Frictional heating rate can be so large at high latitudes, that the ion temperature exceed the electron temperature (usually we had Te > Ti >Tn). In the work by McCrae et. al. (1991) all enhancements in ion temperatures measured parallel to B larger than 100 K were identified as frictional heating events. They concluded that a velocity difference of order 1 km/s provides sufficient heat input to double the ion temperature (at about 300 km, when unperturbed Ti was about 900 K). This heating is important both in F - and upper E - region (e.g., Schlegel and St.-Maurice, 1981), i.e., above about 130 km. This is due to the increasing magnetization of the ions with altitude and the consequently higher relative velocities between ions and neutrals (Robinson and Honary, 1990).

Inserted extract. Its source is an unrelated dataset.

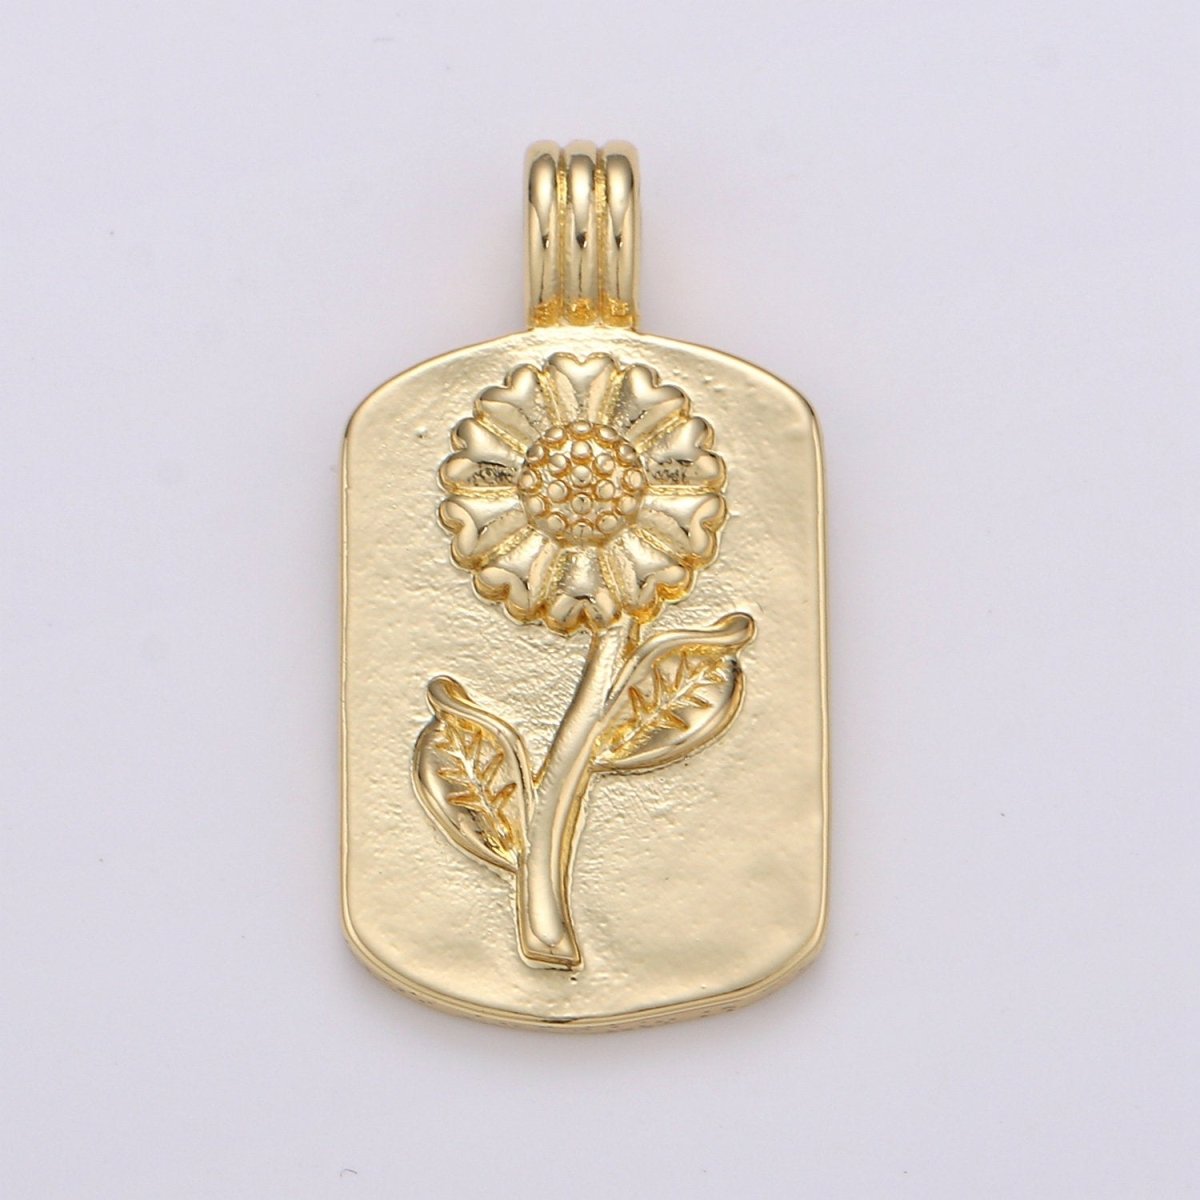 14K Gf Sun Flower Charms, Gold SunFlower Pendant, Dainty Flower Charm, Small Medallion Charm for Necklace Floral Flower Jewelry H-841 - DLUXCA

It is also possible that the collisions between the drifting ions and neutrals set the neutral gas in motion, leading to an equalization of the ion and neutral velocities in a steady state (Kelley, 1989, p. 331). In this case there would be almost no frictional heating although the ion gas can be moving quite rapidly. It has been shown (Baron and Wand, 1983) that the neutral wind speed approaches that of the ions with a time constant t which is inversely proportional to the ion density n,

t = n(neutral)/(nv).

This is the reason for, e.g., the ion temperature structure in the high latitude nightside trough. We can conclude that the best way to measure the effects of frictional heating is to measure directly both the ion drift (using incoherent scatter radars) and neutral wind velocity (using Fabry-Perot interferometers), as is done, e.g., by Hagan and Sipler (1991).

Different kind of frictional heating (and anisotropic ion temperatures) can be produced due to ion-ion collisions as the minor ion species with mass less than the mean ion mass are accelerated through the ion gas (Kelley, 1989, p.316). For example, at high latitudes, both H+ and He++ can be accelerated along field lines through O+ gas and be subjected to this heating process.

Frictional ion heating can also lead ionospheric thermal ion outflow events.